W misce najlepiej blenderem miksujemy cukier i twaróg. Mango obieramy, drylujemy i dokładnie miksujemy na gładką pulpę. Dodajemy do masy serowej i dokładnie mieszamy. Żelatynę namoczoną w wodzie i lekko przestudzoną dodajemy do masy serowo-owocowej i mieszamy. Dobrze schłodzoną kremówkę ubijamy i dodajemy do pozostałych składników. Mieszamy dokładnie, ale nie za długo. Tak przygotowaną masę przekładamy do przygotowanej formy i dokładnie schładzamy, aby sernik się ściął.
Smacznego :)
ps. Moje mango dojrzewało sobie w domu, na paterze z owocami ok. dwóch tygodni. W sklepach przeważnie można je kupić zielone i twarde, dlatego trzeba odczekać trochę, aż zmięknie i skórka zrobi się żółciutka.

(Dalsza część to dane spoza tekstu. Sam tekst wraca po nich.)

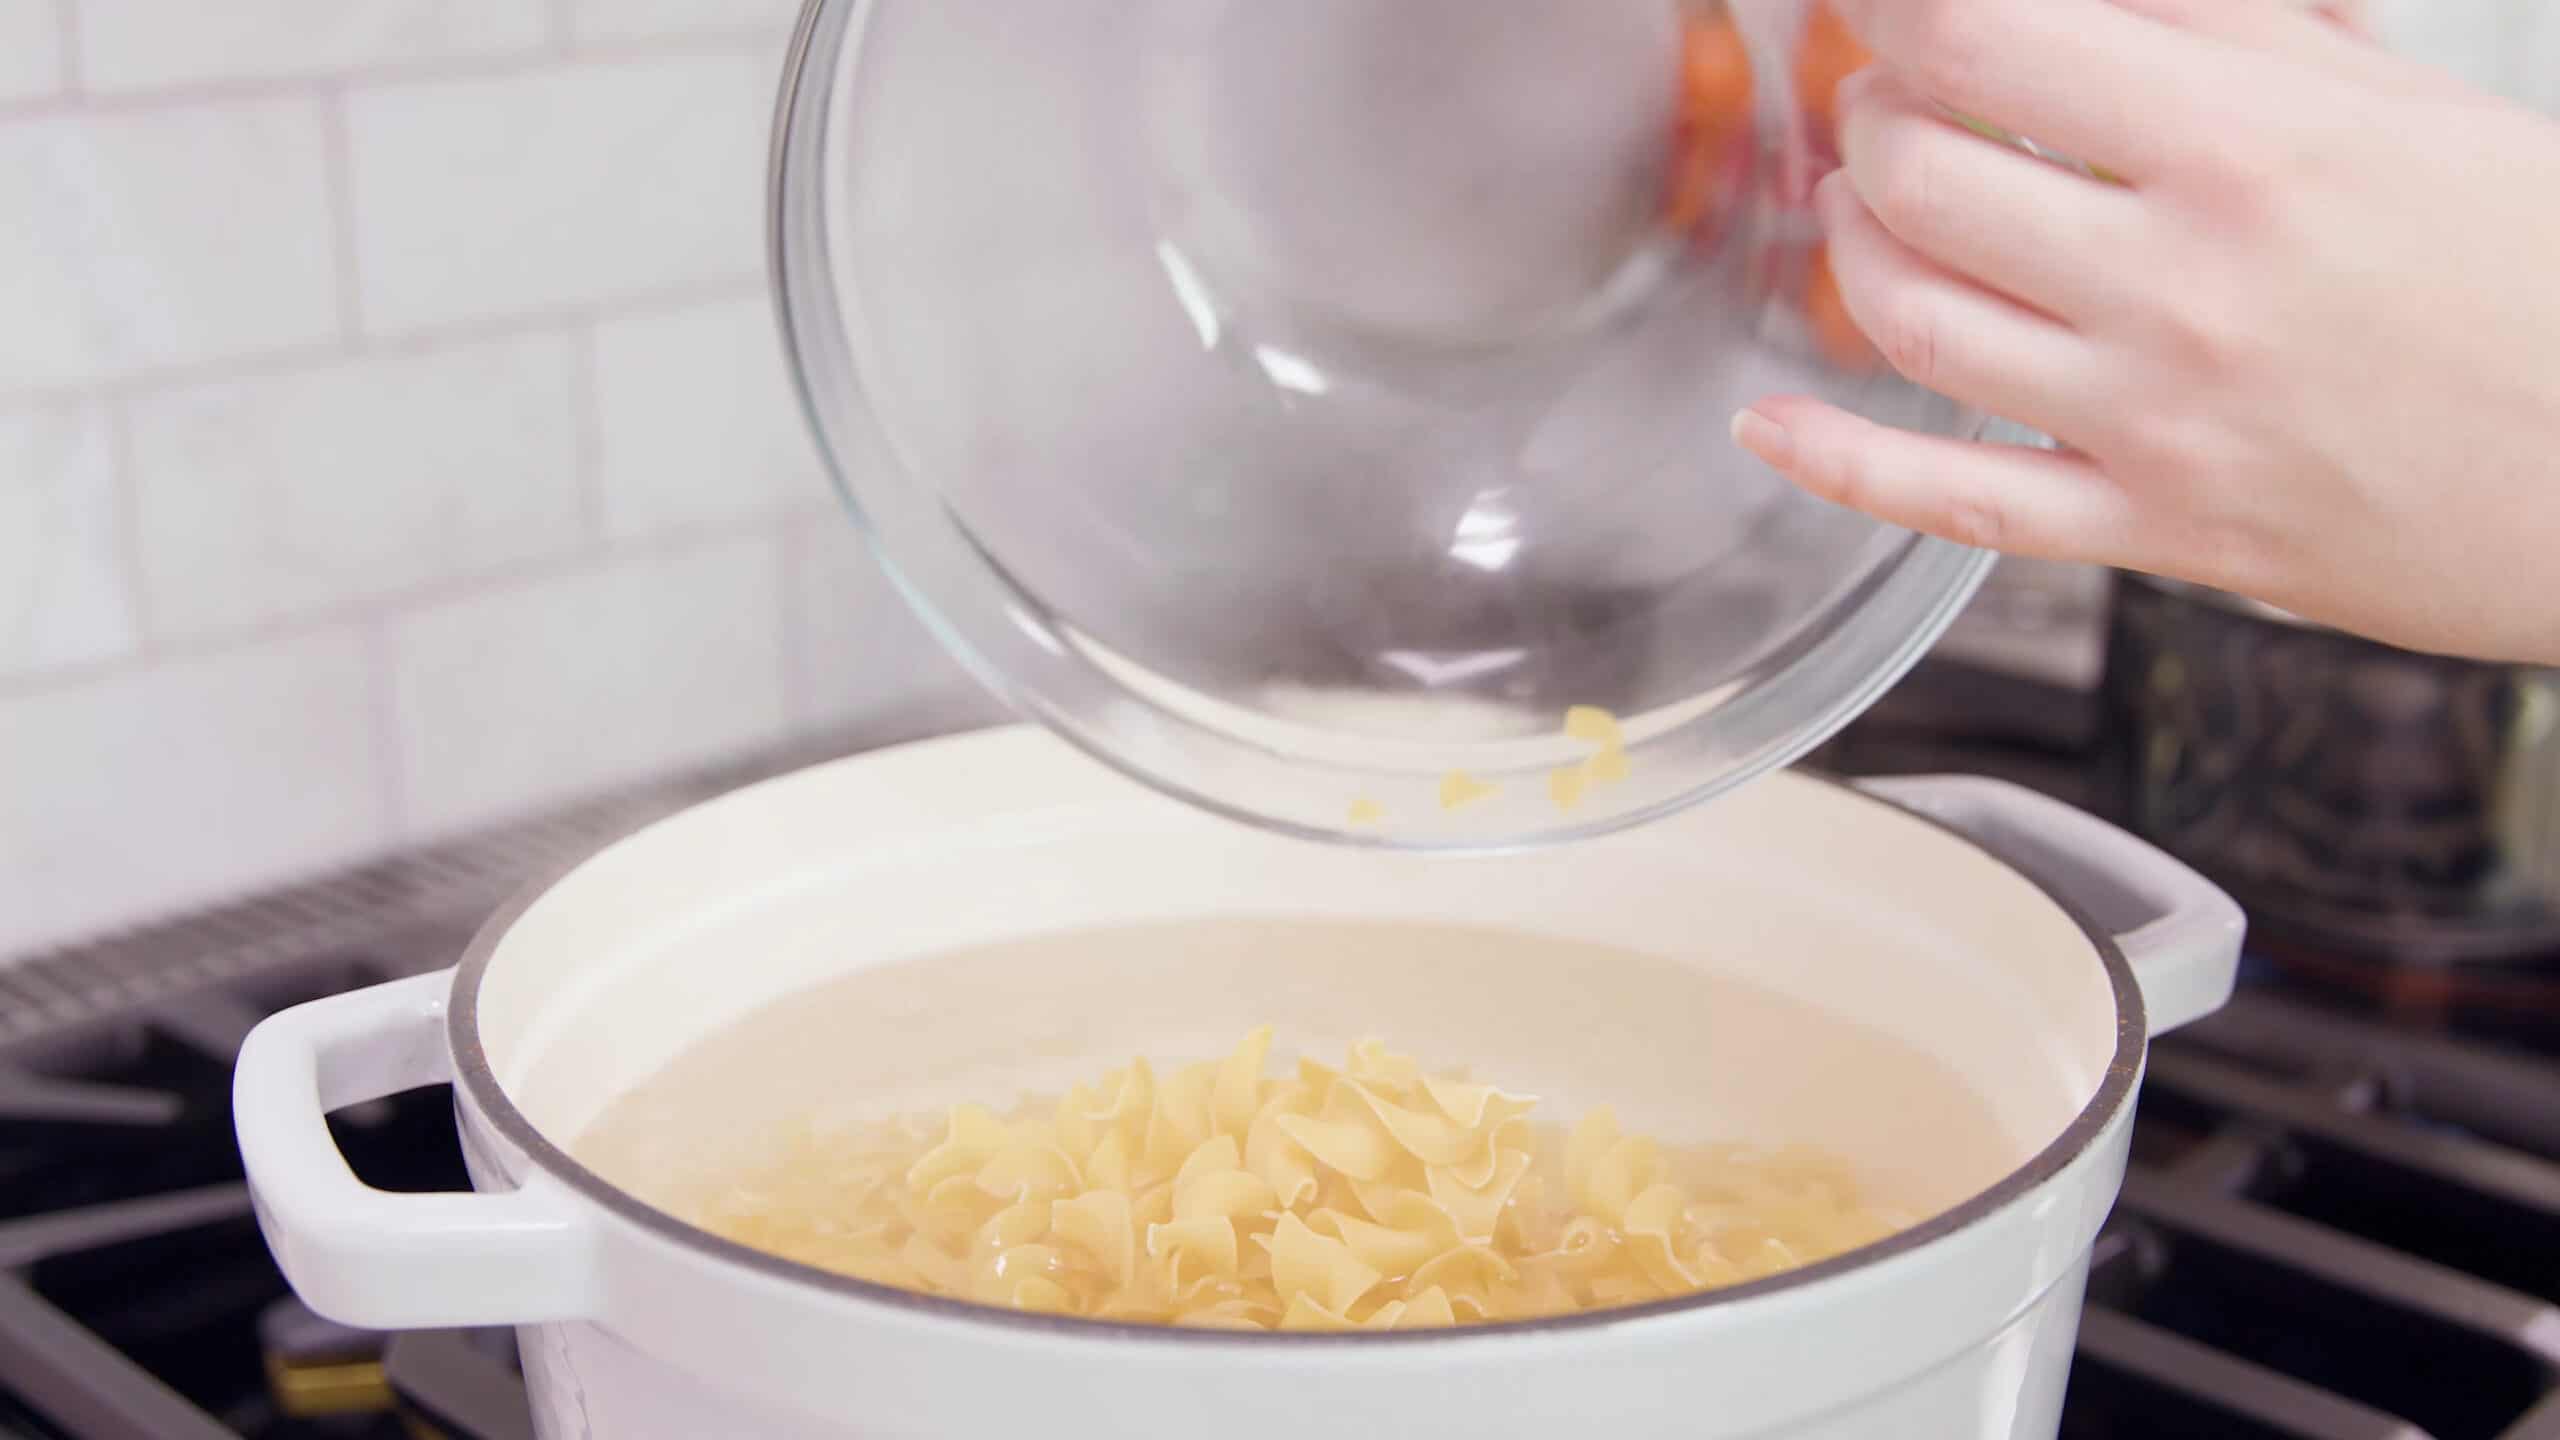 Angled view of white enamel coated cast iron pot filled with boiling water and extra wide egg noodles poured from a large clear glass mixing bowl all over a stovetop burner.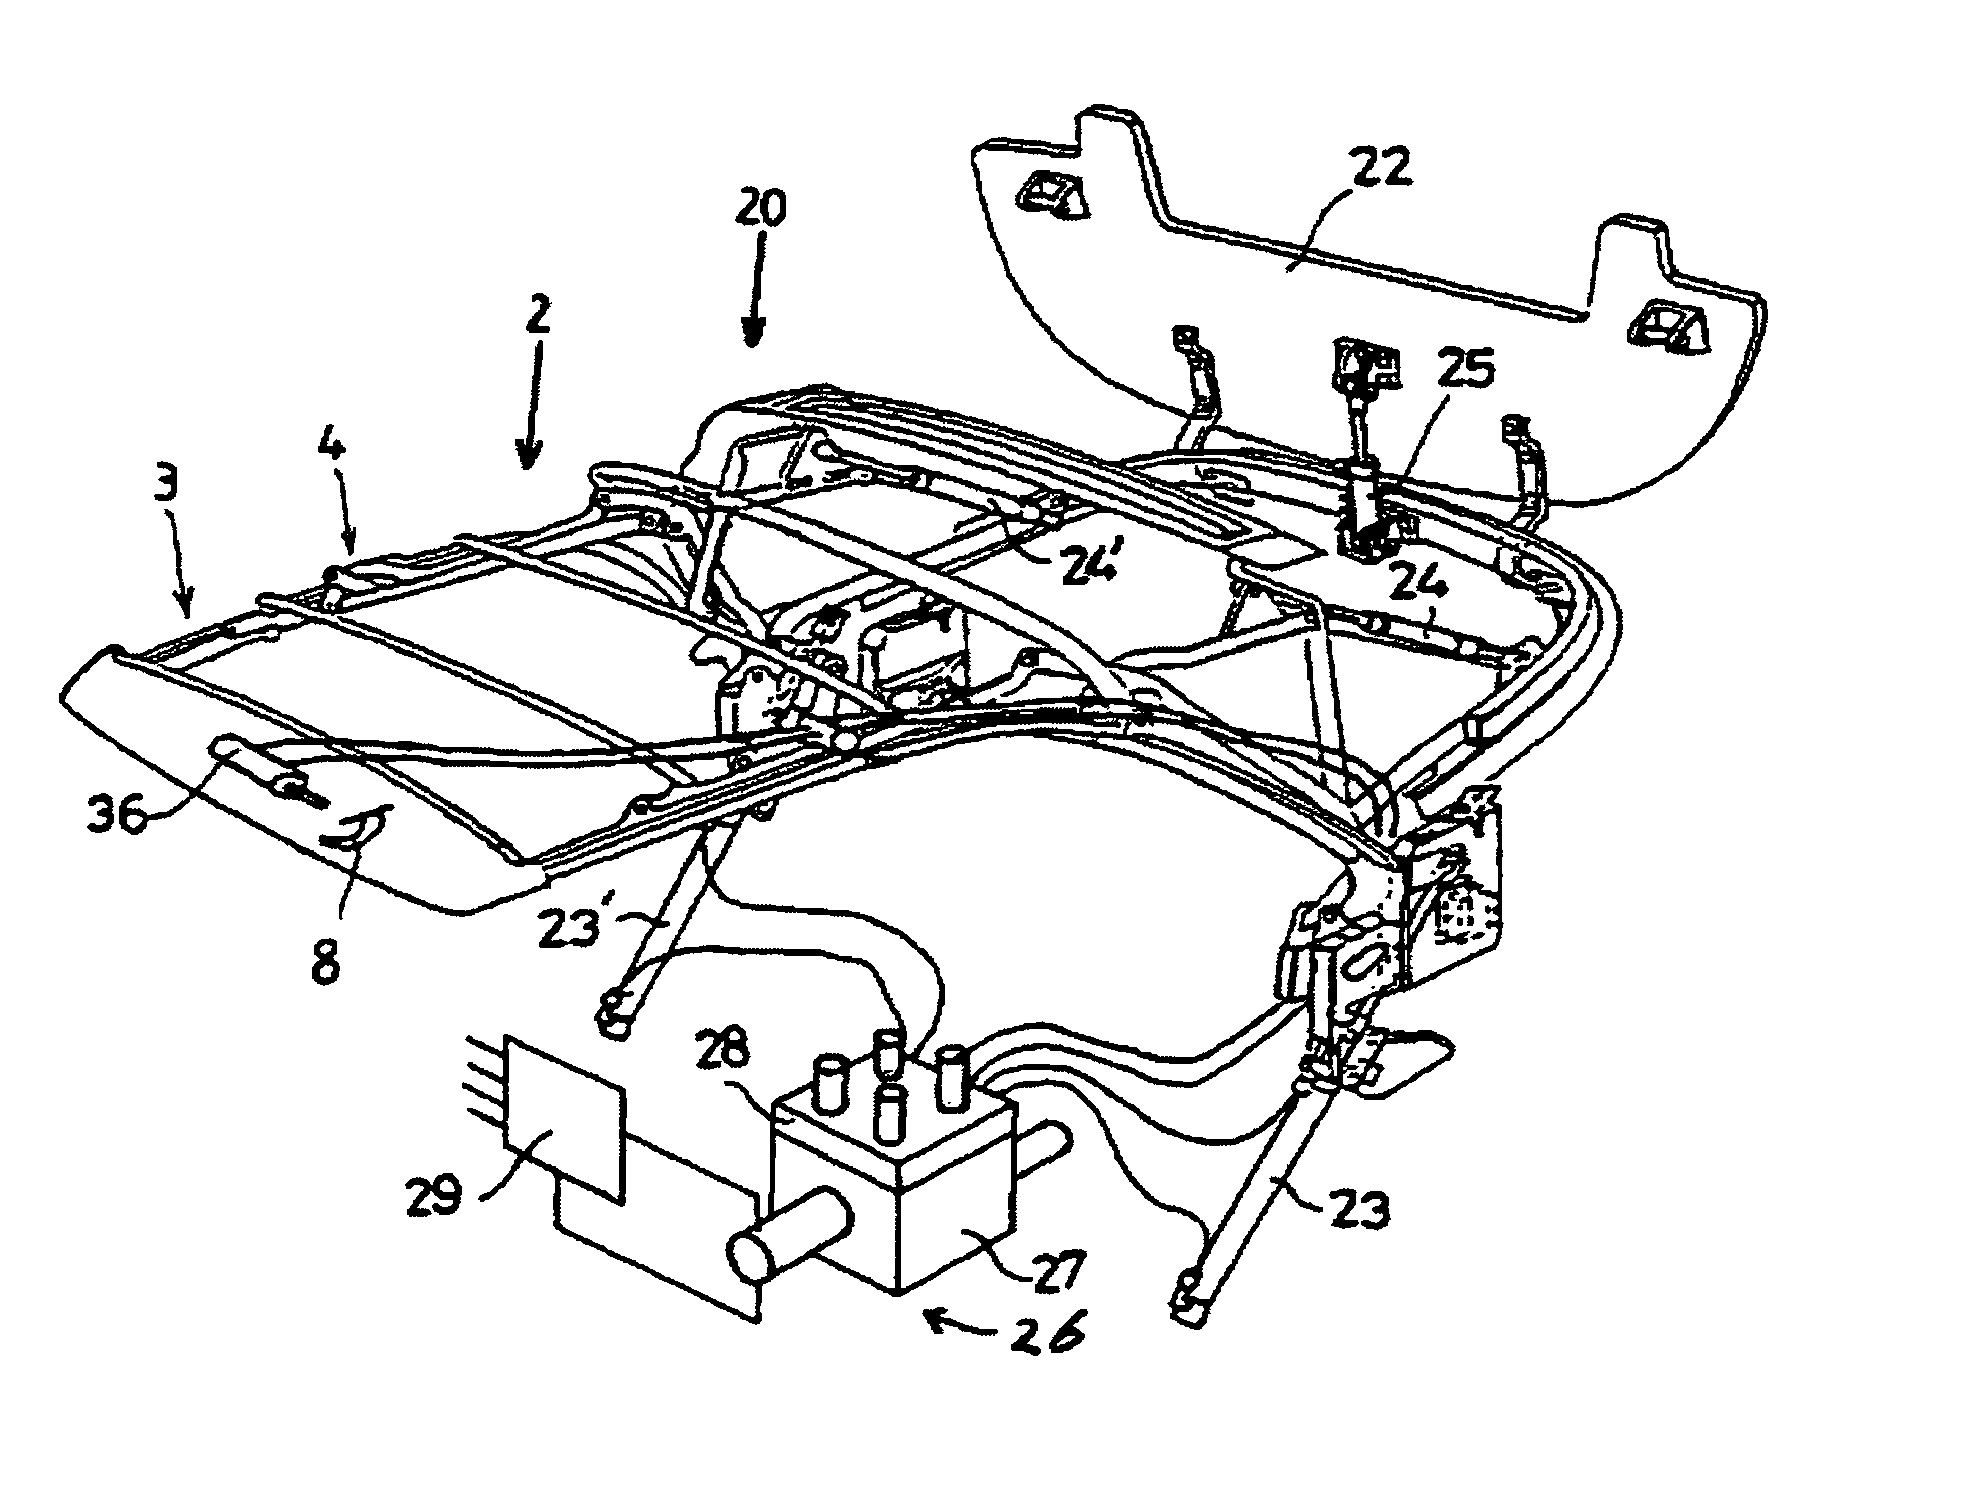 Hydraulic system with a pressure ripple reduction device

Sernik po kilku godzinach w lodówce, kiedy się dokładnie zetnie jest złocistego koloru, następnego dnia nabiera cudownej barwy cappuccino.
P.s.Przepis pochodzi z książki: „ Najlepsze serniki świata „.
Brzmi wręcz nieziemsko apetycznie. Kocham serniki, uwielbiam mango... Chyba się w sobie zbiorę i spróbuję :)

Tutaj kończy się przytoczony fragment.